Share your dilemmas and get honest opinions from other Mumsnetters.

Could you be in a relationship with someone who won’t initiate conversation?

53 replies

ParsleyKitten · 07/10/2024 13:28

So I do the majority of the taking, conversation making - often get one word answers. When I’ve tried to explain that I would like to feel he wants to talk to me and could show this by starting conversations he responds and says ‘you know where I am if you want to speak to me’

It’s wearing me down.
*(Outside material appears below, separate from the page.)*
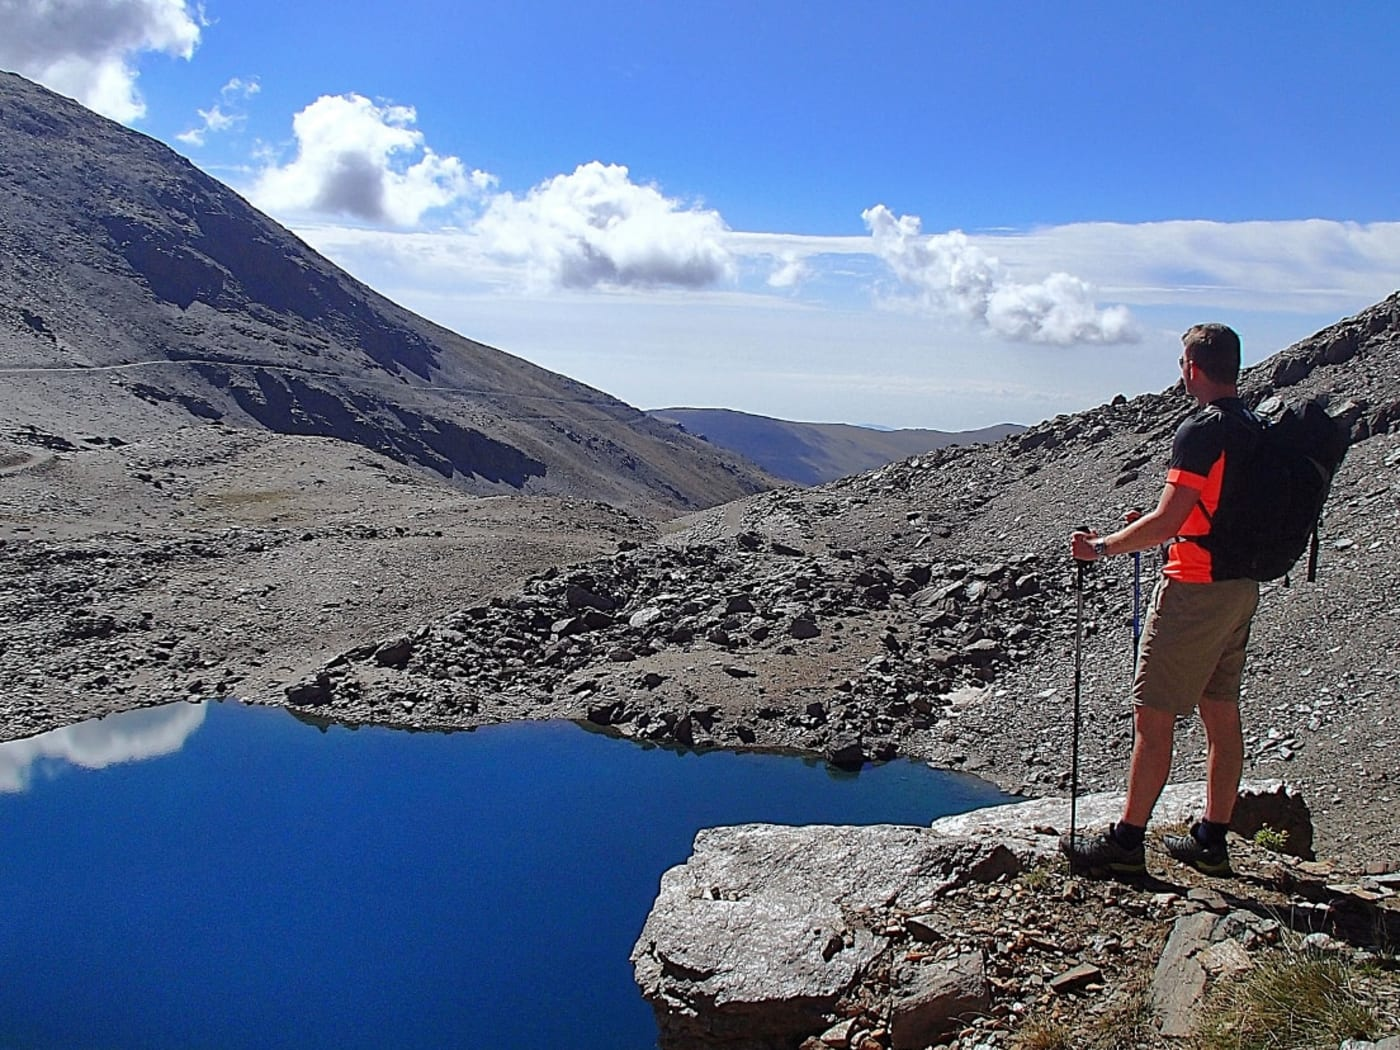 Trekking to the high mountain lakes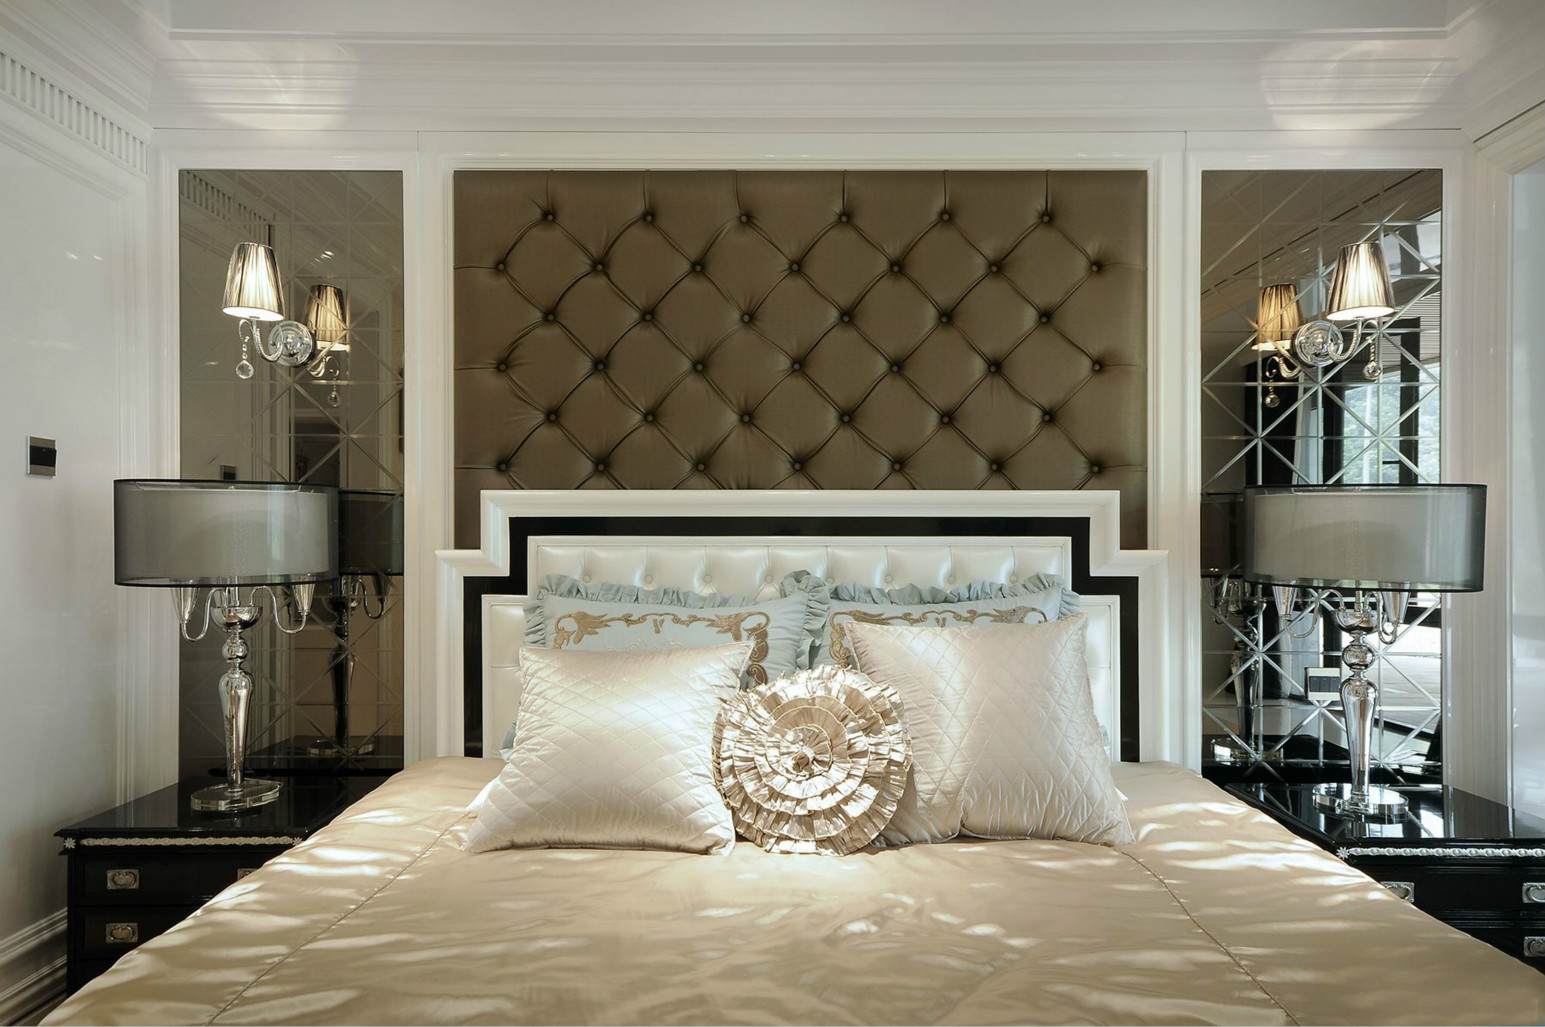 卧室中放置着软包大床,整个简洁自然,俩边吊灯华丽别致

I feel like my head is on a brick wall trying to explain how that does not show someone wanting to talk/spend time together.

OP posts:
Bangwam1 · 10/10/2024 19:48

He threw something because you was moaning? Ah, hell no. If you stay with him, you’ll be the target of his anger in violence, and I’m not exaggerating.

Men like this are no good, I know, I’m with one. I’d give anything to be in your position again and have this advice.

If you stay it will be mind games constantly, you begging for normal emotion and love. You will be blamed for everything (even his actions), perhaps even with violence.

These men are children, they cannot handle any kind of introspection or accountability.

Bangwam1 · 10/10/2024 19:54

OzzyTheBullSnortedAtMe · 07/10/2024 14:33

My husband is like this. Been married for 26 years and I don't know if I want to live the rest of my life like this. We never have a proper conversation and it's always me having to initiate it and keep it going.

You deserve love. There is no love without communication and acknowledgement. I have recently learnt that not making eye contact or being dismissive can actually be an abuse tactic. Done, precisely to make you feel unimportant.

You know you don’t want to live like this anymore.